# Having a issue of being affaird to shot 11s.



## aread (Dec 25, 2009)

Refuse to shoot a bad shot. This comes from one of the best ever, Dean Pridgeon. He's in his mid 70's now and can still out shoot 99% of us.

Sounds easy, but it's not. It requires a mindset going in that if the setup isn't perfect, you are going to let down. Dropping low can be due to many things, but the one I see most often is loss of back tension. The visualization that works for me is to imaging drawing the bow is blowing up a balloon. Don't let any air out of the balloon while you are aiming and executing your shot. You also have to do this in practice. If you think that practice isn't important and that you'll just dump this shot, you'll do the same thing in competition. If anything, be more disciplined in practice.
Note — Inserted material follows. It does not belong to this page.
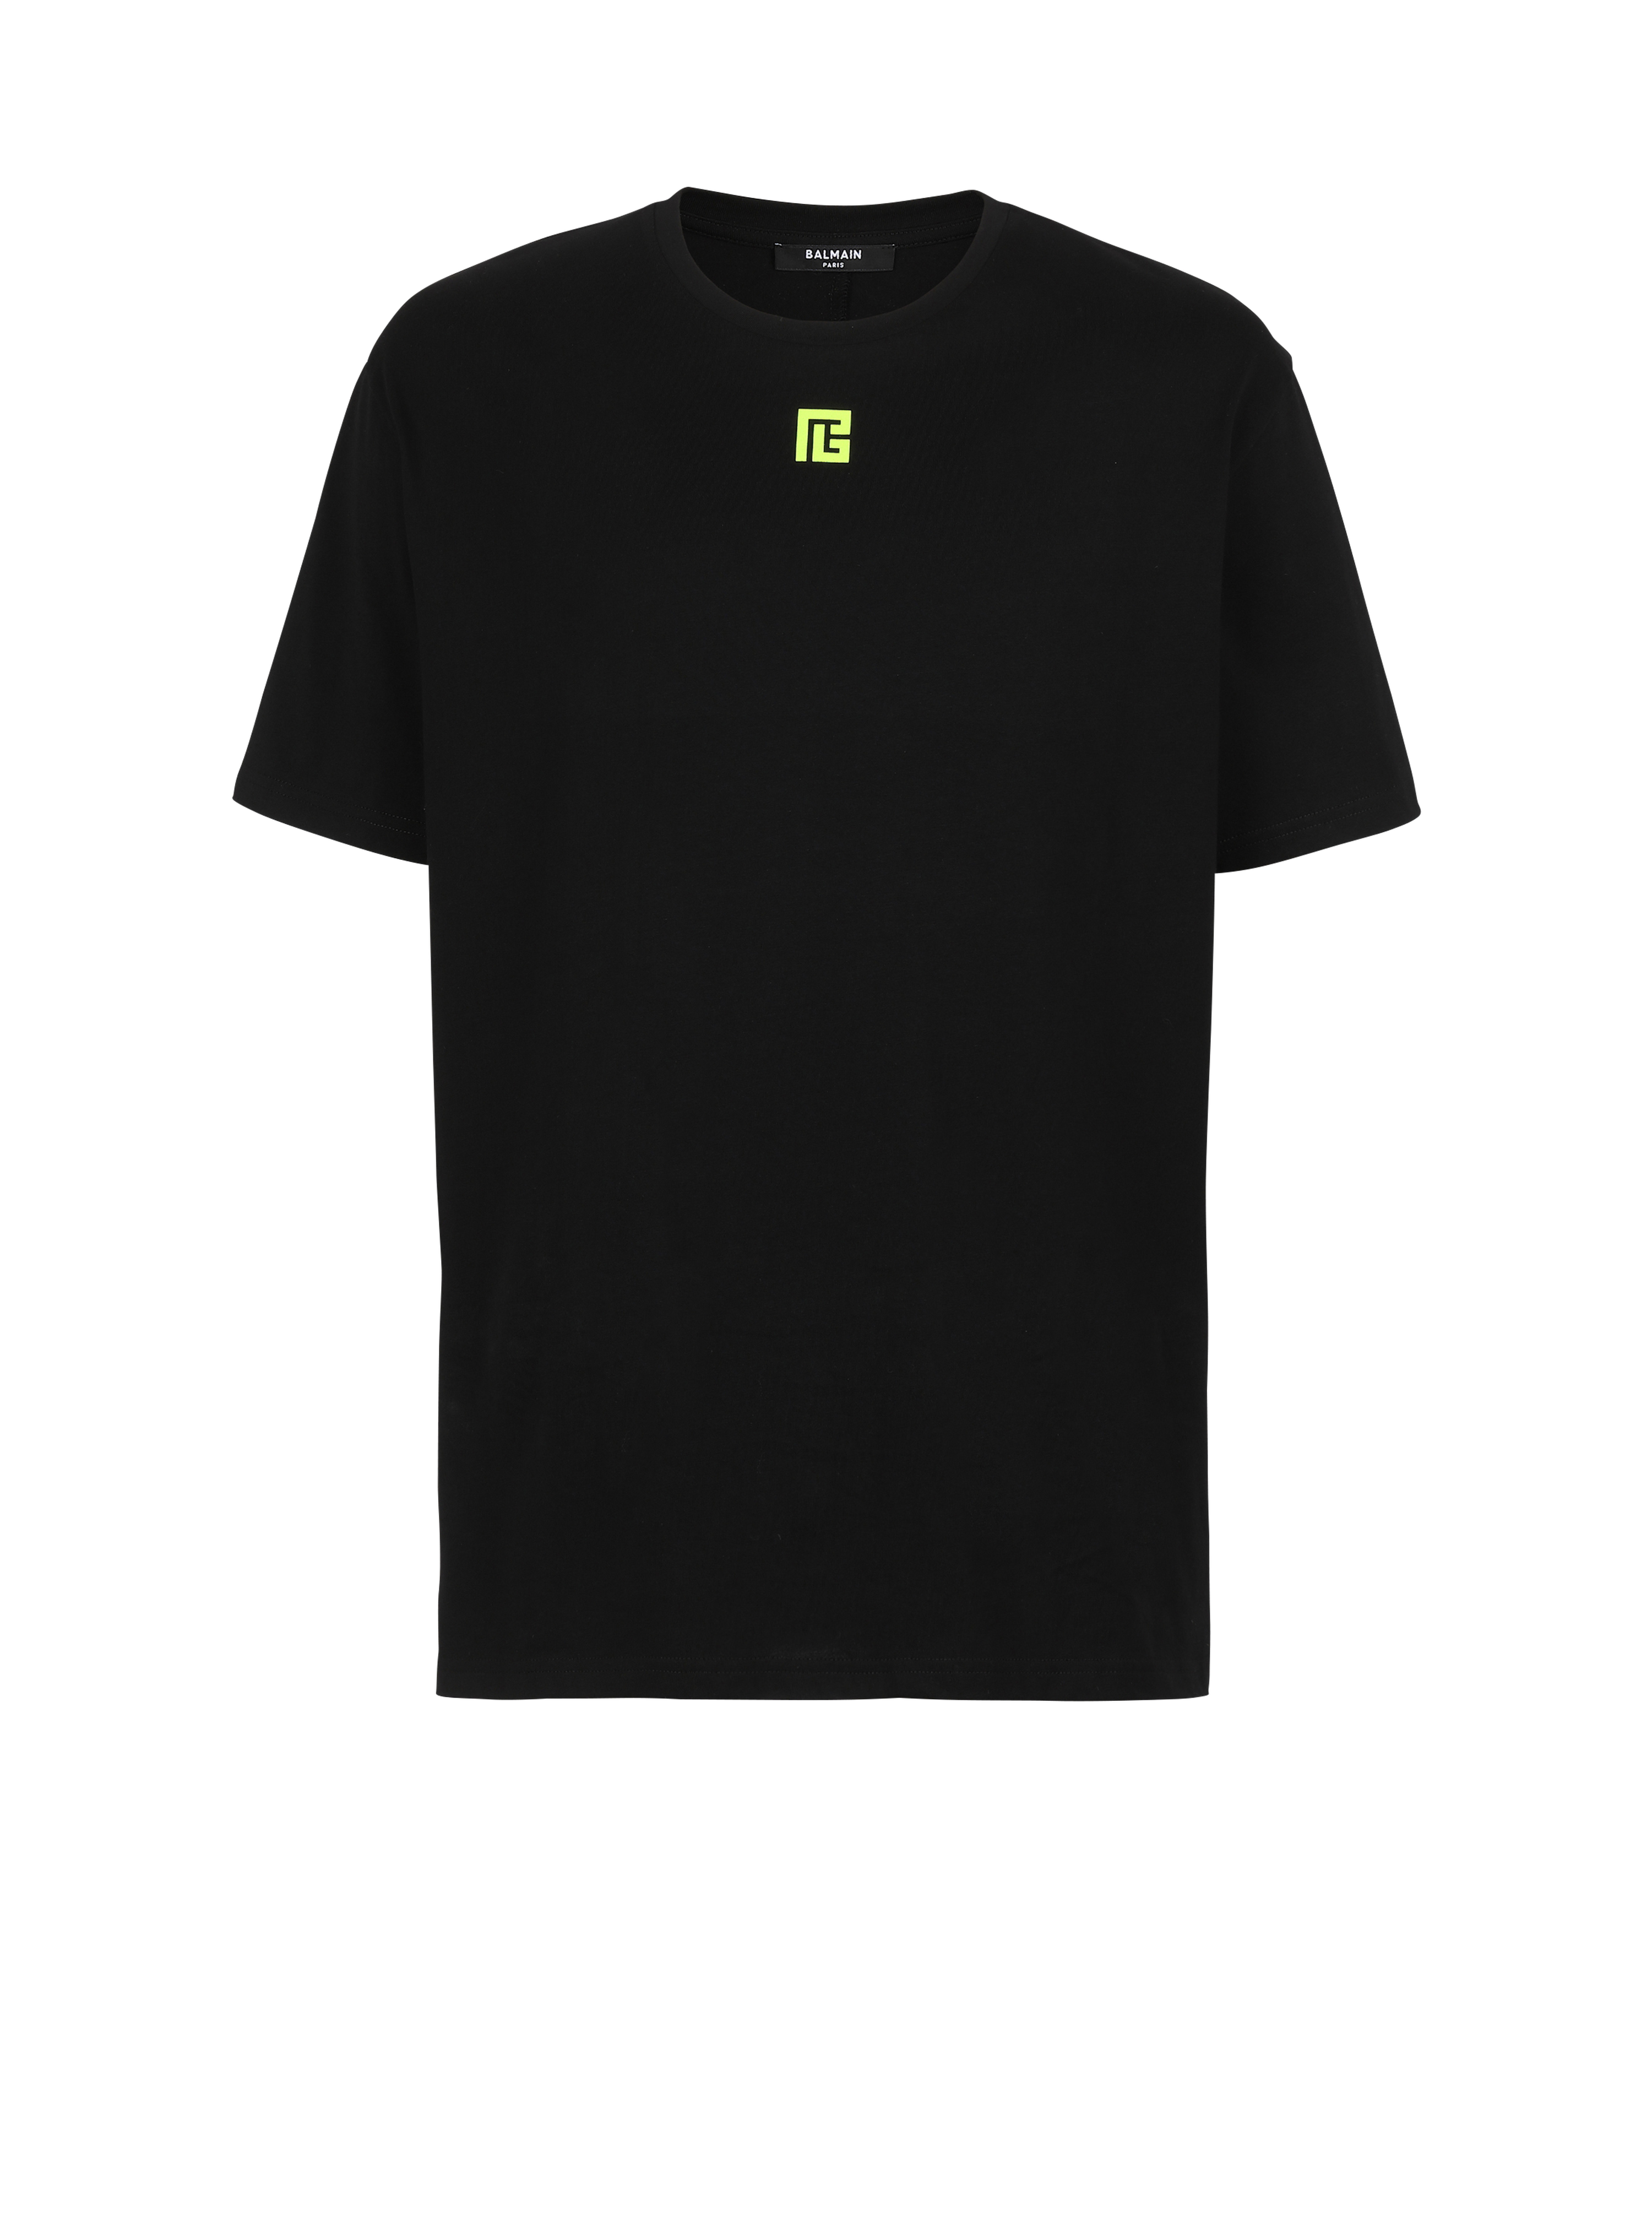 EXCLUSIVE - Cotton T-shirt with maxi Balmain logo print on back, black

Another source of this problem that I've seen is an archer being too cautious. He wants to shoot a good shot and does something different from every other shot he's made that day. The only way to be consistent is to shoot your shot the same way every time. No matter if it's practice or the deciding shot for a world championship, it's got to be the same shot. This is the secret of the most successful pro's. It's tough ignoring the score and just shooting. So this is also something that you have to practice. Visualize that you are in a shoot off with Levi and know in your heart that you deserve it more than he does. Then blow up your balloon and execute exactly like you have thousands of times before.

Hope this helps,
Allen


----------



## mike 66 (Jan 21, 2010)

ONCE AGAIN A VERY GOOD POST FROM AREAD; ............. ONLY SHOOT PERFECT ARROWS . IF ANYTHING CROSSES YOUR MIND LET DOWN START OVER YOU MUST STAY WITH YOUR SHOT SEQ.... KEEP THINKING FIND THE CENTER..............FIND THE X DO YOU SEE IT... I DO.............


----------



## cms (May 16, 2010)

Thanks guys


----------



## mike 66 (Jan 21, 2010)

your welcome sir..


----------